For all their affable praise, early reviewers also dismissed the author’s systemic semiotics of moral panic as ‘military entertainment complex’ hate-speech. For Aristotle, anger is aimed at individuals, while hate is class-based. Less remotely, in Discipline and Punish Foucault describes discipline on bodies and population as a technique of power, while in The Wretched of the Earth Fanon saw blind hatred as the only asset of colonials.

A prime example of Brophy’s engagement with hate is the frequency of ‘f-words’ (phallic symbols of male-hysteria) as hypothetical synonyms for non-consensual sexuality (linked to alcohol abuse). Witness, in particular, Brophy’s anti-misogynist defence of ‘Shirl’, the silenced woman no one would like to ‘f**k’. Resurfacing from boring-old-fart Post-Punk is the Dead Kennedys’ mantra for Dionysians, ‘Too Drunk to F**k’– or again, in the worst-case scenography of ‘mindf**ked’, Jean Genet, miscast as a flared-trouser Hipster. The radical-chic label of Deleuzian society of control for Disco deviance is ‘wog’ culture, that definitively doomed failure to positivise racial vilification. Punk (is dead) New Wave could well be the reference groups, but those male-damsel in distress behaviourism genres were never a lasting success either. Arguably, the most patronising, critically unaccredited, judgmental sticky-tag is ‘Queer’, that once resisted rallying-cry against British Bobbie sexism in the sarcastic Punk anthem ‘Glad to be Gay’ – now tolerated as a sexy-hypnotist theory for the co-opted, safe petit-bourgeois unthinking-sex of intramural academic bureaucratisation.

Brophy’s mapping extends to the limit of hate-speech versus freedom-of-speech binary oppositions.

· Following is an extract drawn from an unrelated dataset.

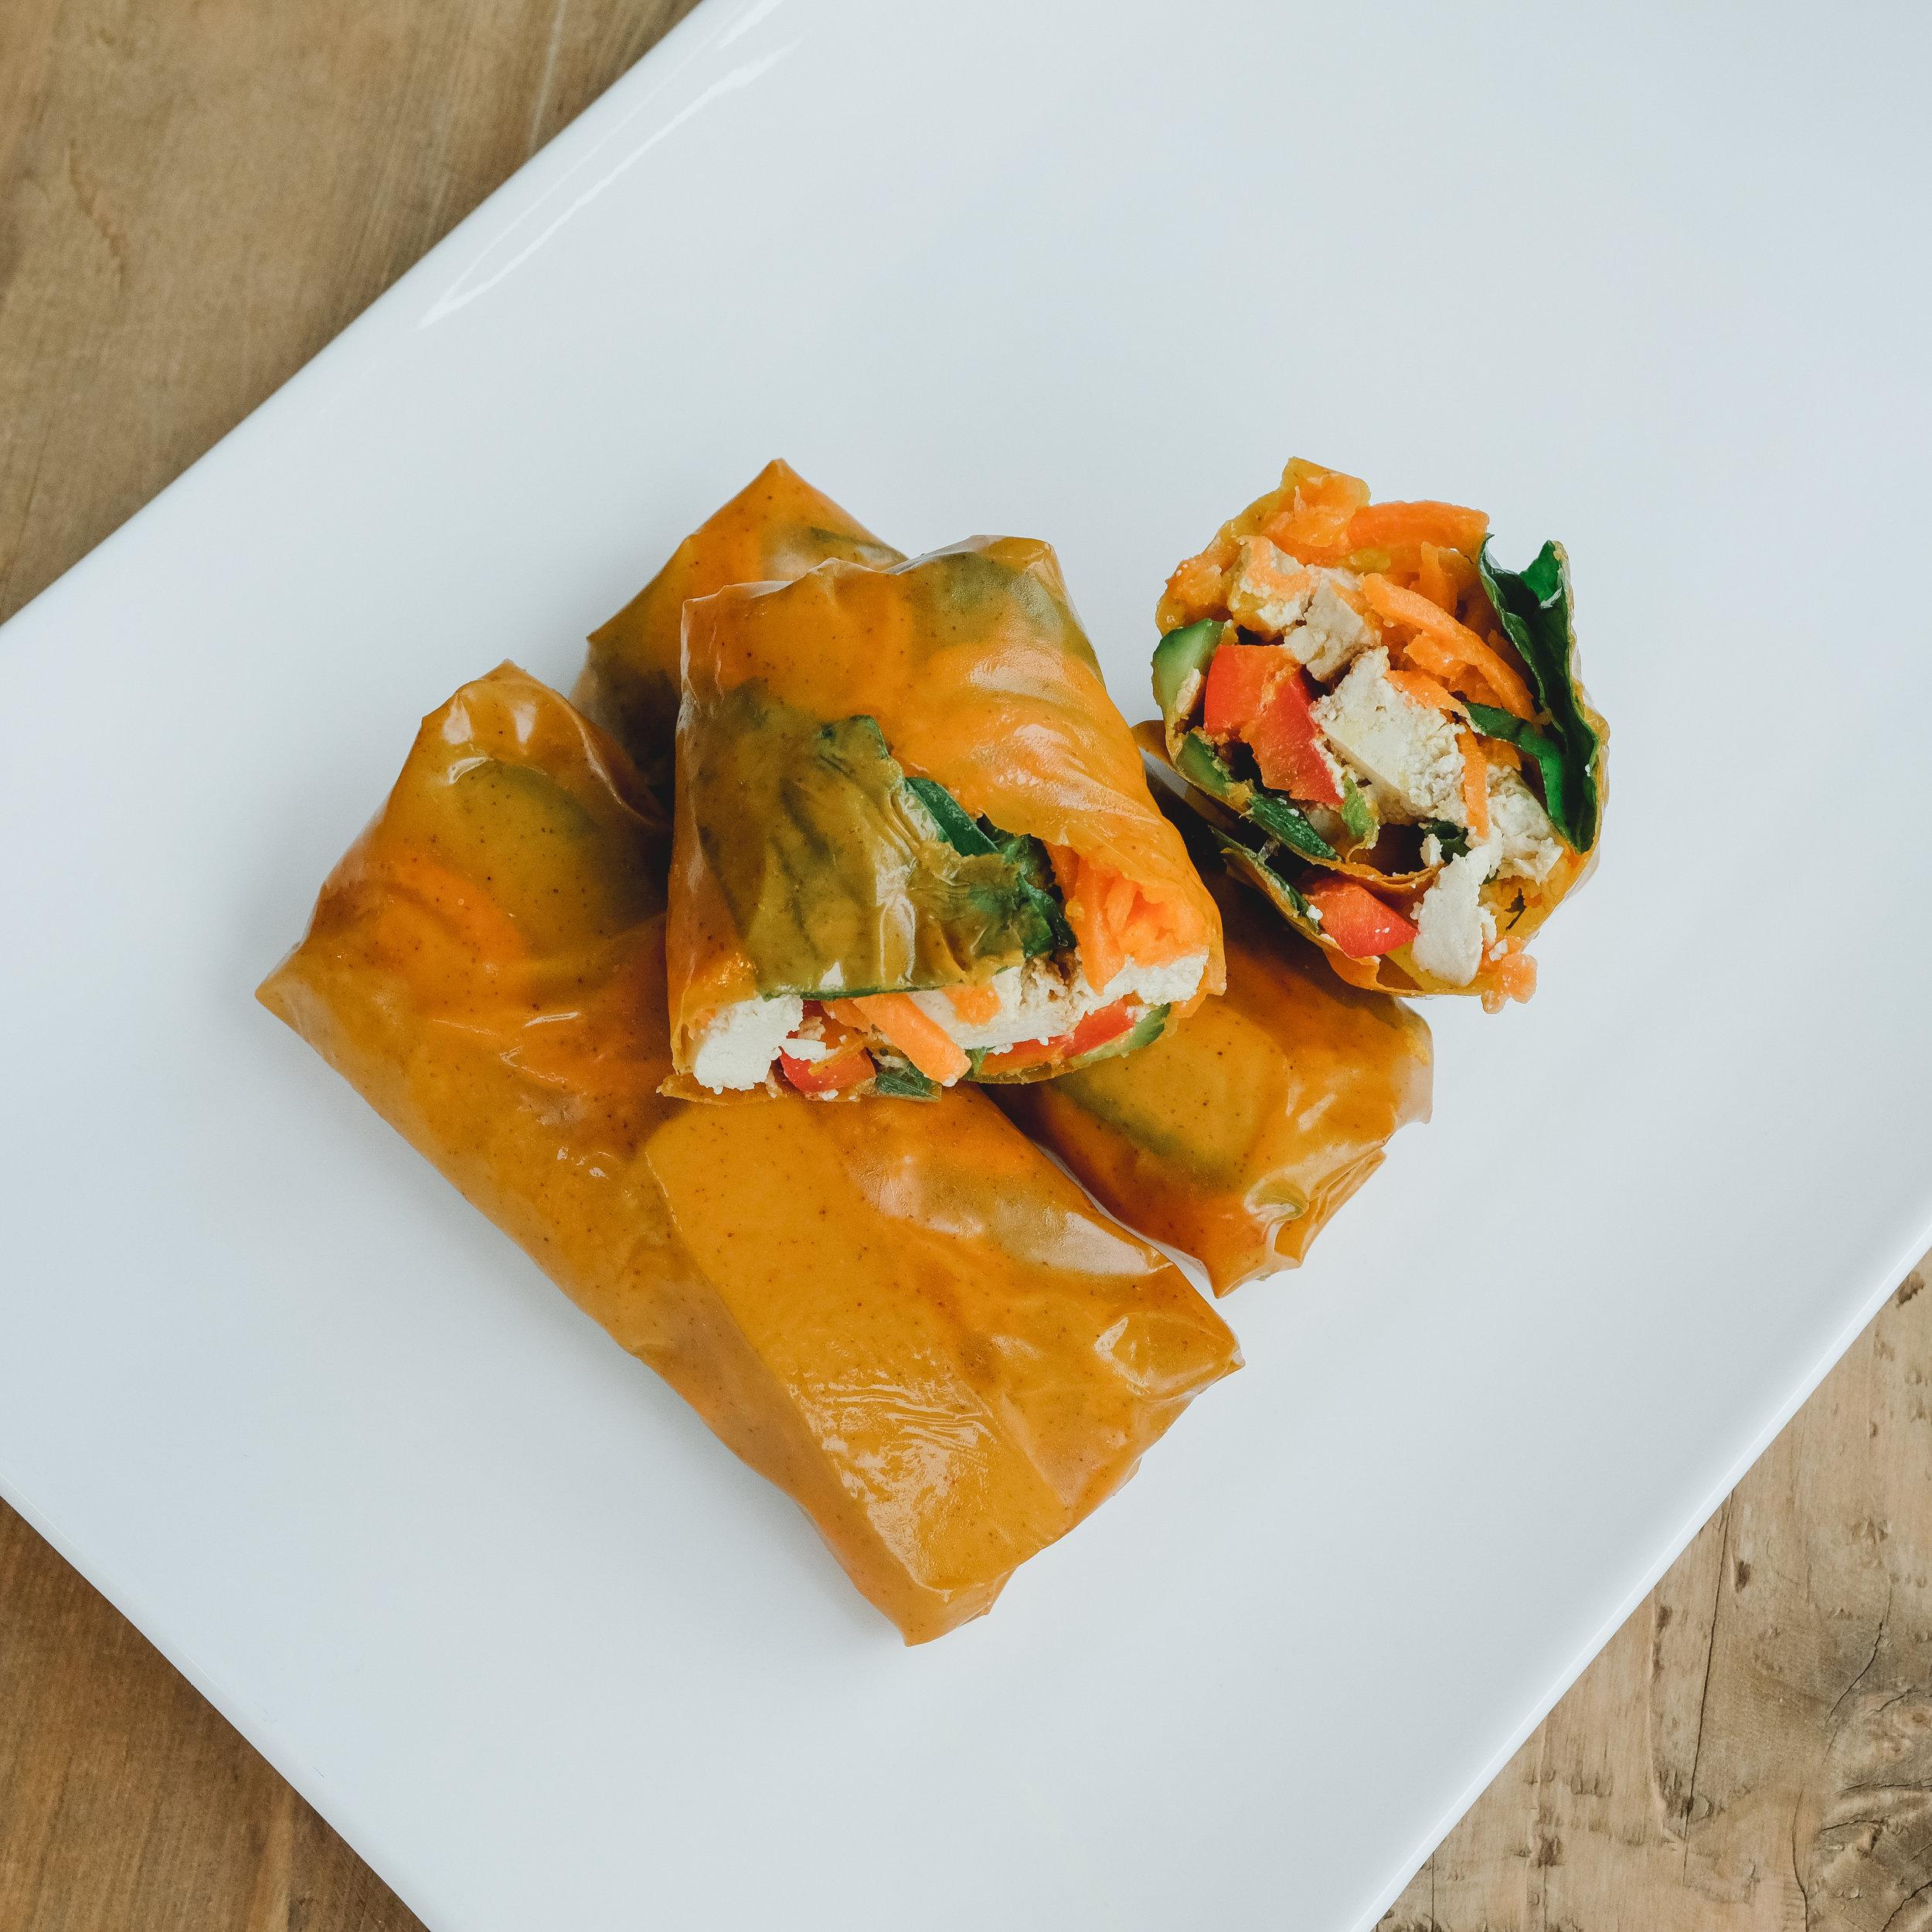 FreedFit-Lunch-Mango wrap veggie rolls-11.jpg

According to fellow Cultural Studies and affective studies researcher Lawrence Grossberg, all these pressure zones of social difference occupy ‘the same enunciative space’, which is how he attempts to ‘transform disagreement into collaboration’. (Alternatively, Sartre’s Sketch for a Theory of the Emotions saw a ‘magical’ sleep of reason.)

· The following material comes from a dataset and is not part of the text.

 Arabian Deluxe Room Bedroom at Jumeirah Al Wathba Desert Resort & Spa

However, Brophy is no committed partisan of ‘dragged’ revolutionary Men in High Castles to come, but more the local customising Bowiephile parodist. Insidiously psychoanalytic, the above themes continue to proliferate in popular culture constructed by artists fascinated with Australian consumerism. Nonetheless, art – like the rest of us – should be freed from such politically-correct noblesse oblige moral-panics.

Brophy’s book merits rereading and reissuing, and is to date the most materially intuitive of the Screen Classics. Whether 2018’s Priscilla the Musical was equal to the occasion of the book’s tenth anniversary is less important than the ongoing aesthetics of disappearance it still registers.


(1) It’s worth reproducing the full quote: ‘A “dumb semiotics” has been fostered in Australian cinema wherein ‘Australia’ seems bent on seeking itself out, fawning over its cosmetic make-up, and supposedly discovering its identity.’

Rock Chugg

Rock Chugg is a freelance sociologist from Melbourne. He has previously published on various aspects of media and cultural studies in Continuum, Meanjin and Refractory, and volunteers for community radio.